> Prompt:
For the lines from the one with "Benidorm, Costa Blanca, Spain" to the end of the listing below, both ends included, give an exact copy and nothing more. Do not copy pictures.

===== Data section

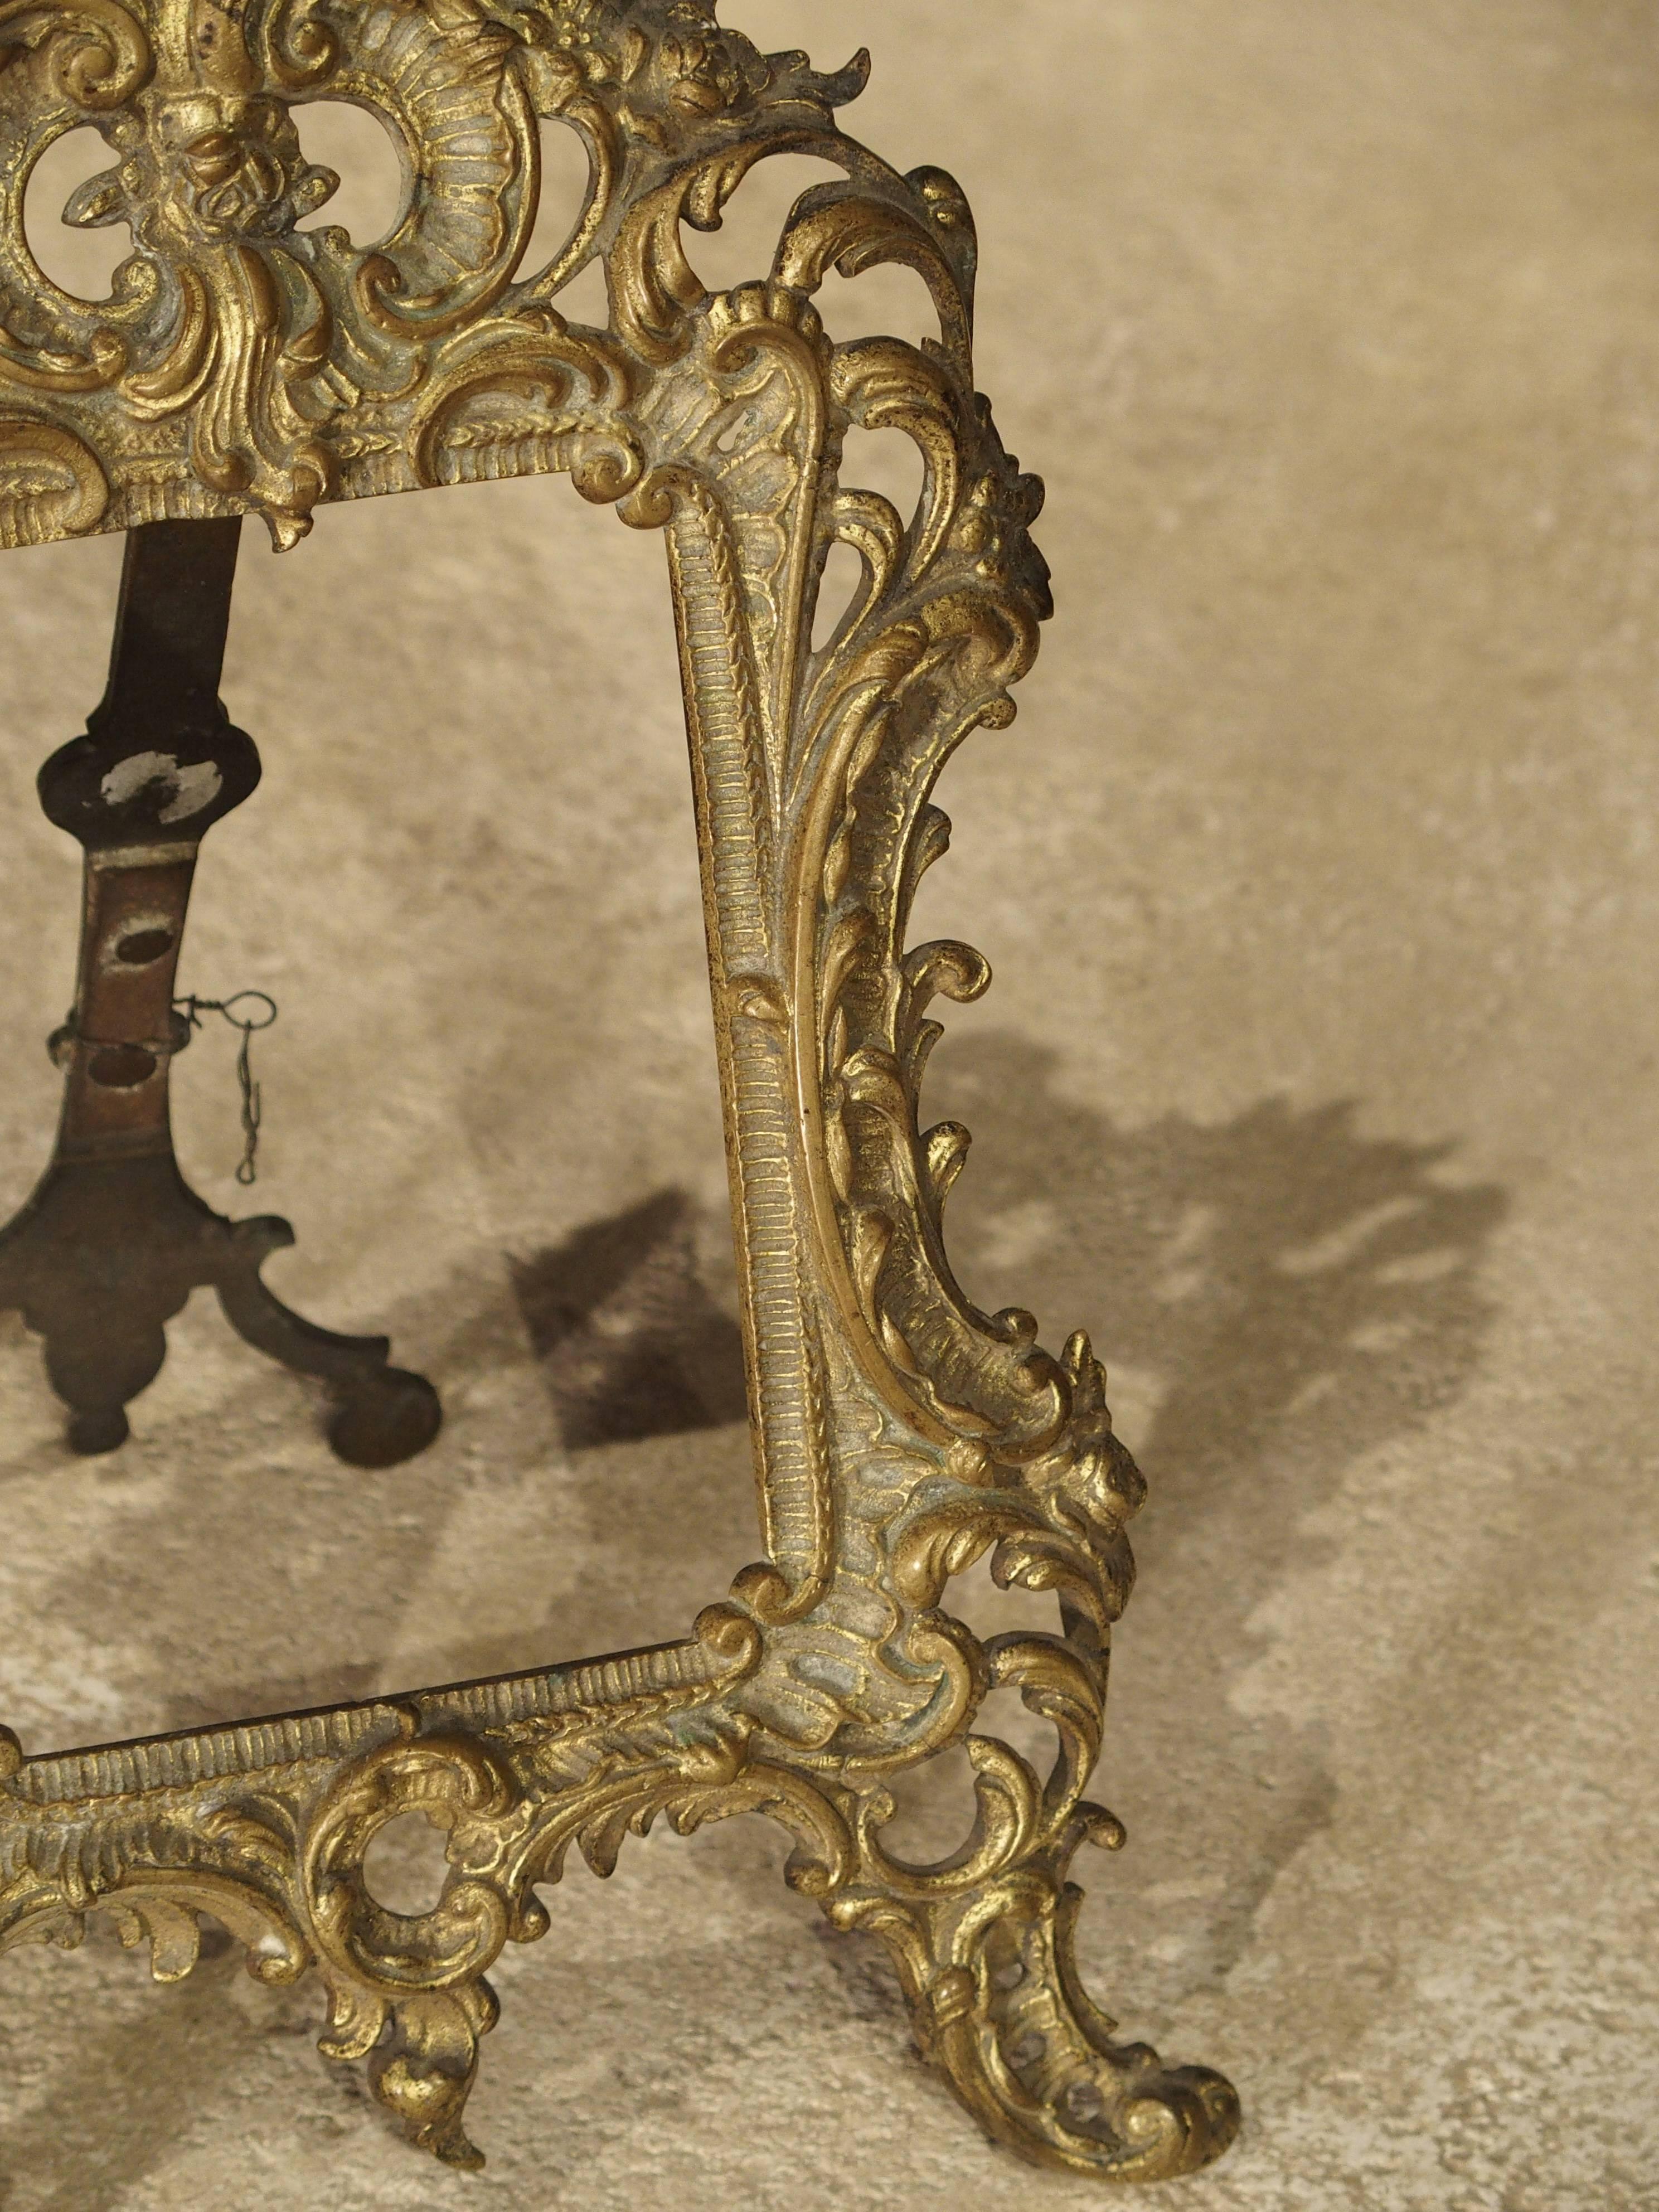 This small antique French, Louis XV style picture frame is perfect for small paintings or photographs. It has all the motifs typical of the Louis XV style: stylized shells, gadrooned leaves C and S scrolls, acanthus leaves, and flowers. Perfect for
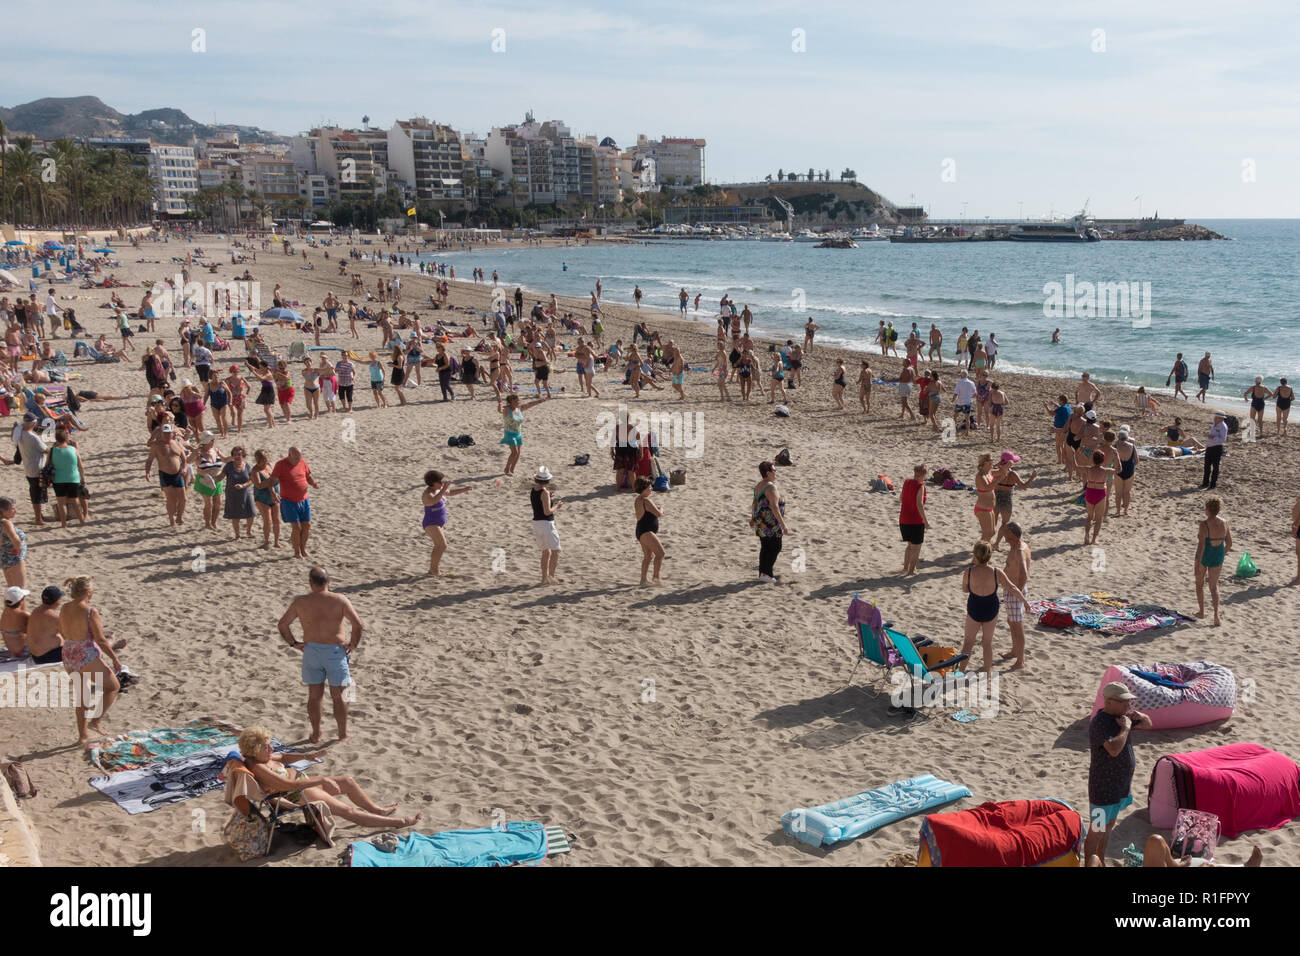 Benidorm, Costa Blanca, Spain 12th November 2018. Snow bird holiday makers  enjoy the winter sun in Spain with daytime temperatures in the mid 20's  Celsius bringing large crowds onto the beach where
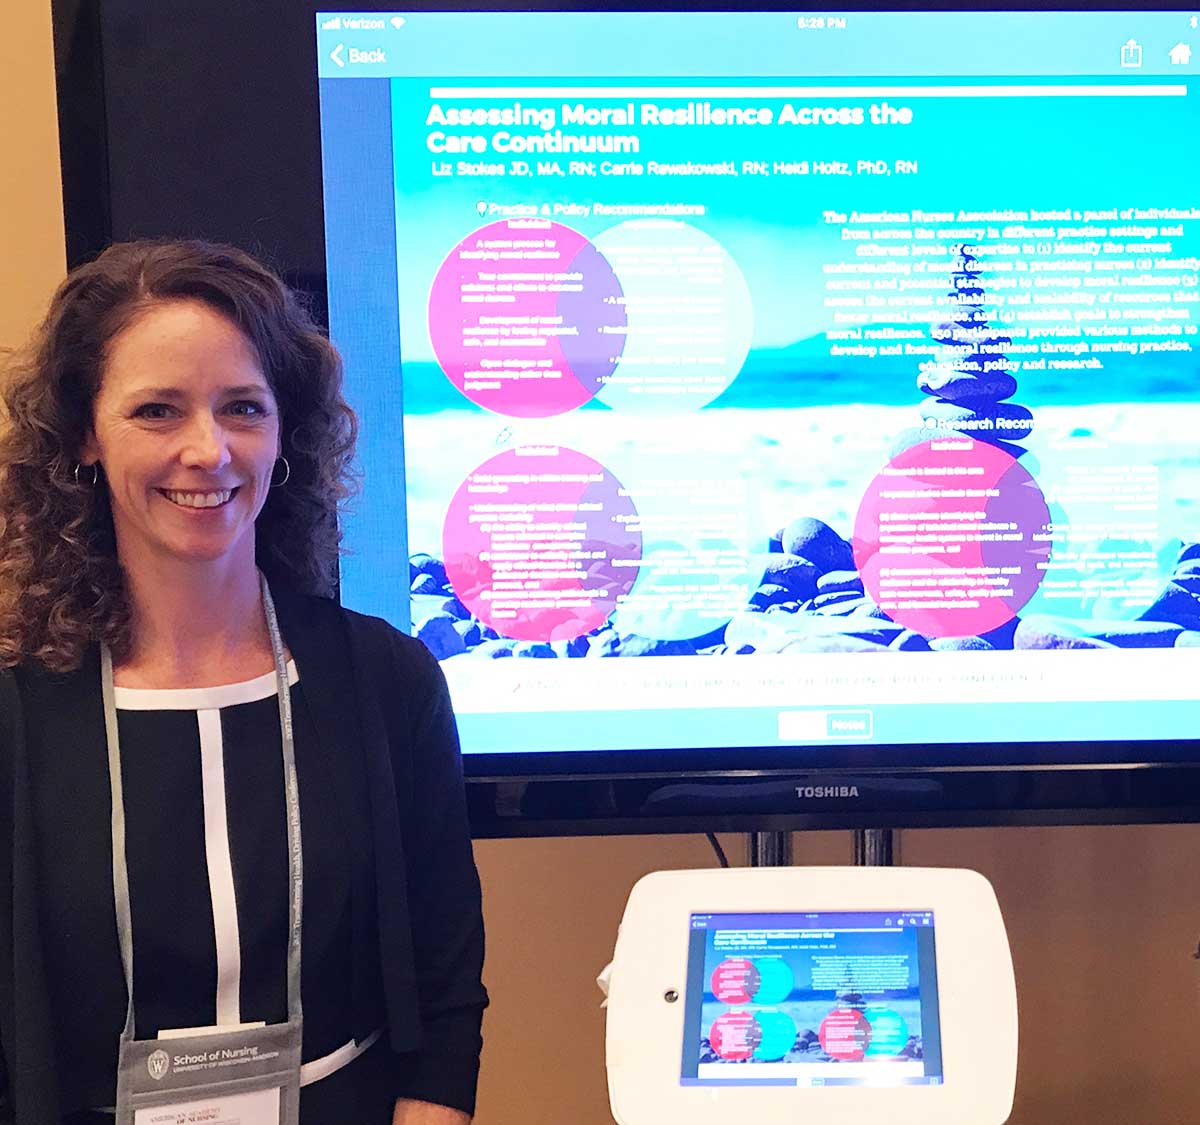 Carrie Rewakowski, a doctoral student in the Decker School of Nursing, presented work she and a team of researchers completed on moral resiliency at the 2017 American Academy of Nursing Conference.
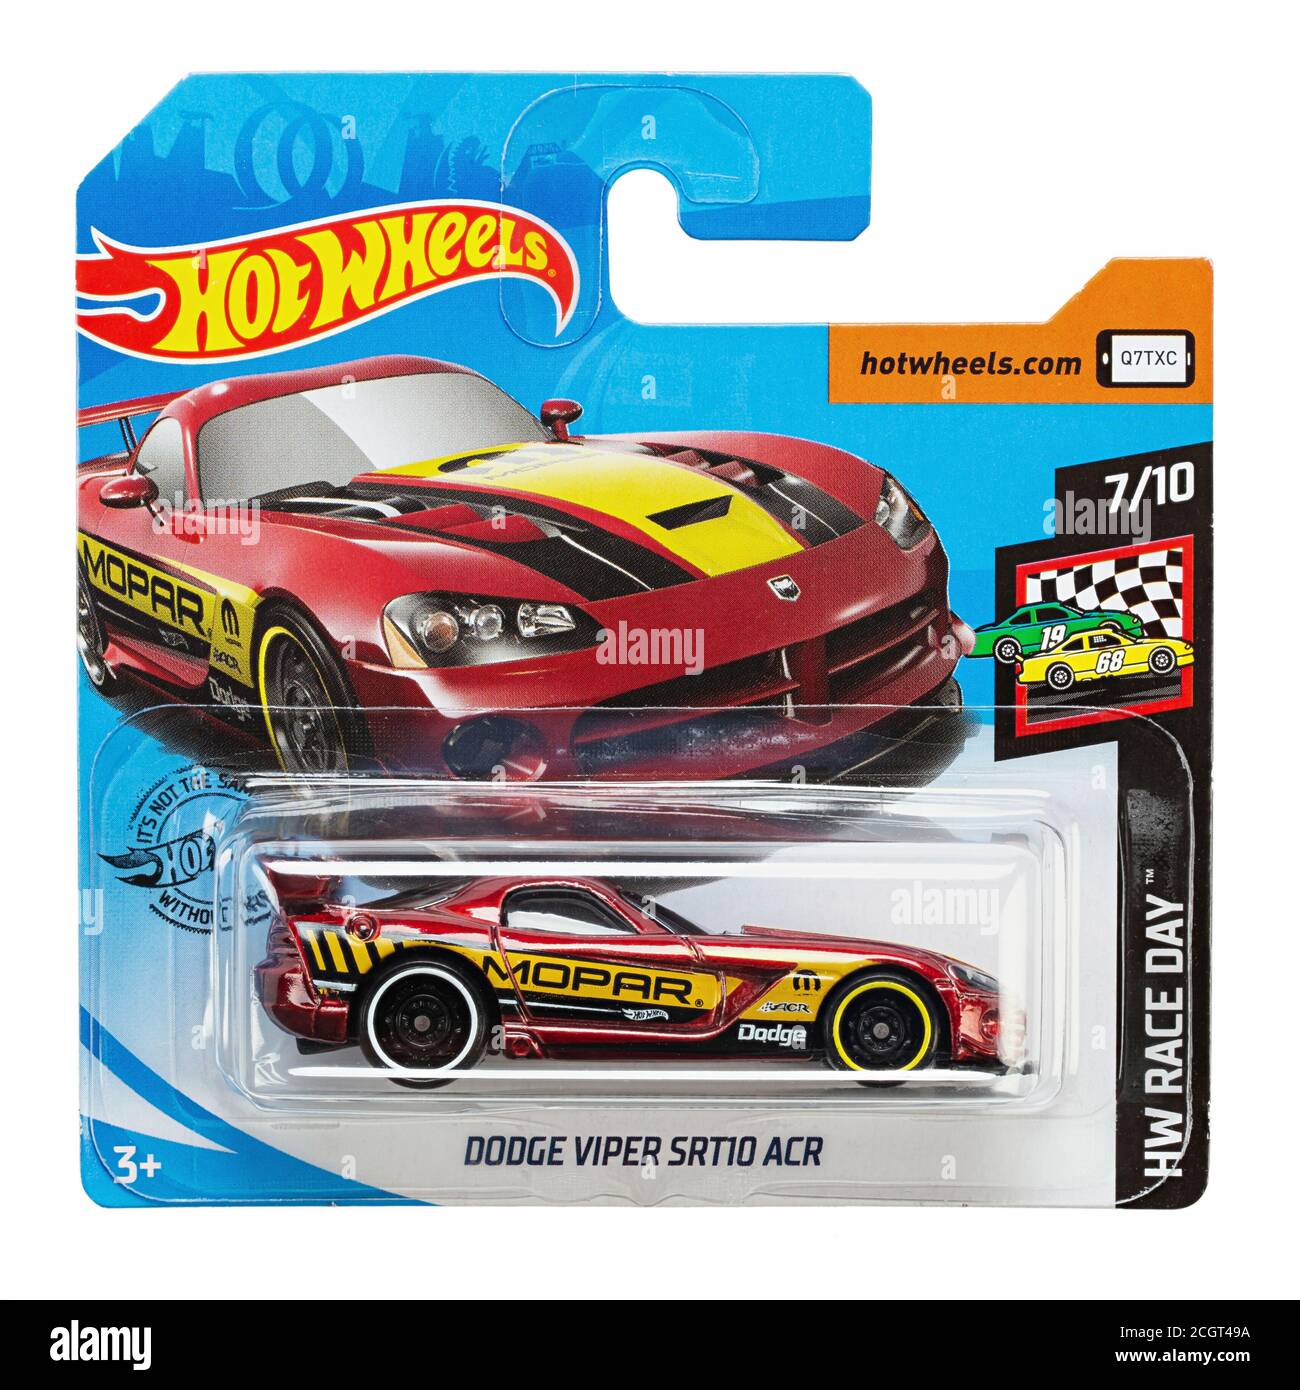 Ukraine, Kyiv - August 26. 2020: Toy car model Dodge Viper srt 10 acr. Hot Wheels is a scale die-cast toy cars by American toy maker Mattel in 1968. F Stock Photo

==========

> Task result:
 Benidorm, Costa Blanca, Spain 12th November 2018. Snow bird holiday makers  enjoy the winter sun in Spain with daytime temperatures in the mid 20's  Celsius bringing large crowds onto the beach where
 Carrie Rewakowski, a doctoral student in the Decker School of Nursing, presented work she and a team of researchers completed on moral resiliency at the 2017 American Academy of Nursing Conference.
 Ukraine, Kyiv - August 26. 2020: Toy car model Dodge Viper srt 10 acr. Hot Wheels is a scale die-cast toy cars by American toy maker Mattel in 1968. F Stock Photo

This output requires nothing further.